Shoot/No-Shoot Decisions: Dissociation, Judgment, and Assailant/Weapon Characteristics
Shoot/no-shoot decisions in law enforcement are under increasing scrutiny nationwide. However, little research has addressed the ways in which factors related to assailants and weapons influence these decisions. In the present research, images of adult male, adult female, and juvenile (female) assailants presented simulated direct threats to respondents. Assailants were armed with a pistol, a knife, or a glass bottle. Respondents were asked to indicate whether or not they would shoot in the presence of these threats. Respondents also completed the Dissociative Experiences Scale (DES). Tendencies toward dissociation, a process generating a sense of unreality, influenced the performance of males who shot; more dissociated men took more time to fire. However, dissociation did not influence the performance of women. Sex and youth of the assailant had no effects on the shoot/no-shoot performance of either men or women, and oddly, weapon type had no significant effect on women’s performance, although men were more likely to fire on an assailant of either age or sex armed with a gun or knife than a bottle. These results are discussed in terms of relevance for law enforcement training and for juridical proceedings in shoot/no-shoot cases.
KeywordsShoot/no-shoot decisions Tactical decisions Analogue/appraisal theory Dissociation
The authors would like to acknowledge that this research was conducted in laboratory facilities directed by the third author at the California State University, Fresno, and was also conducted under normal research auspices for faculty of that institution.
Compliance with Ethical Standards
Conflict of Interest
The authors declare that there is no conflict of interest.
This project received full ethical approval from the Human Subjects Committee, Department of Psychology, College of Science and Mathematics, California State University, Fresno.

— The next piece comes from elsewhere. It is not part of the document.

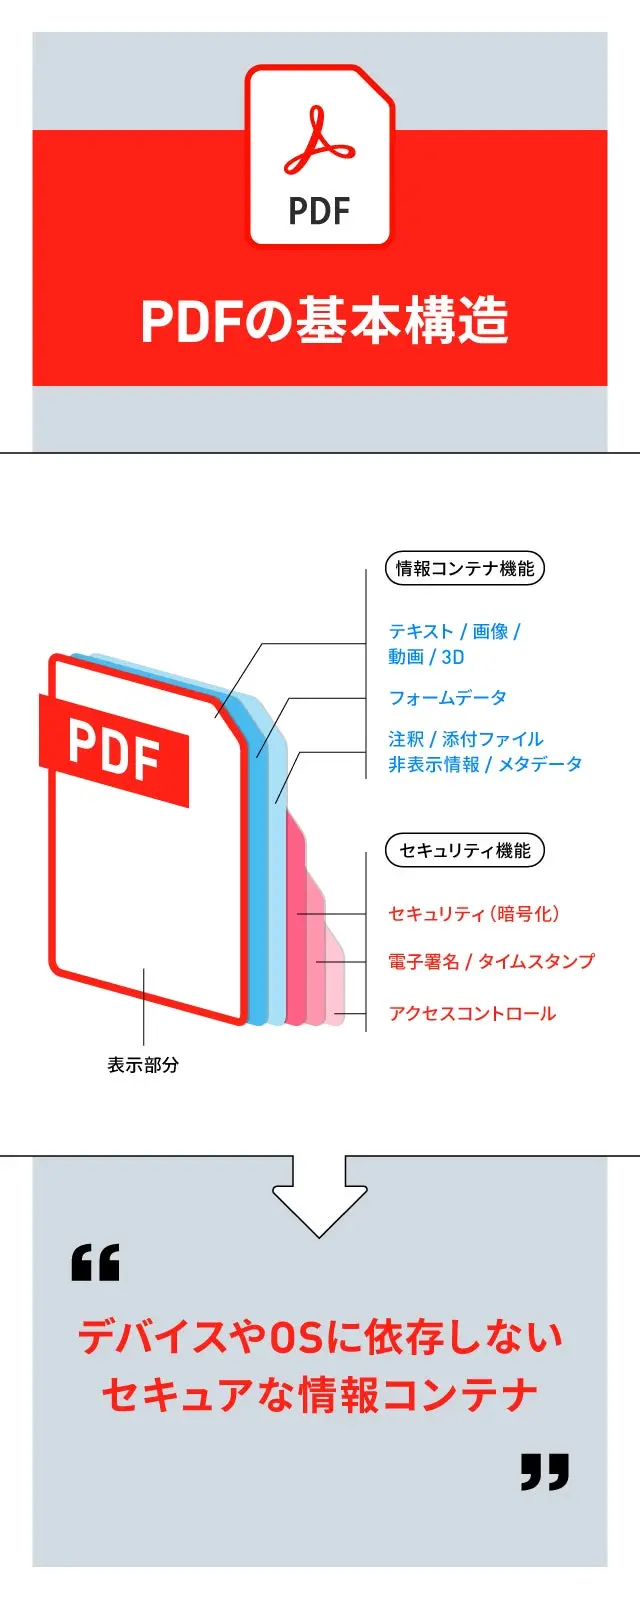 PDFの基本構造

The project was approved as a “minimal risk” procedure for human subjects.
All human subjects of this research were provided with full informed consent according to the ethical standards of the American Psychological Association, standard for this field. All were adults, and all indicated that they had fully read the Informed Consent form and the research descriptions contained therein, and signed the form to give their consent to participation in the research.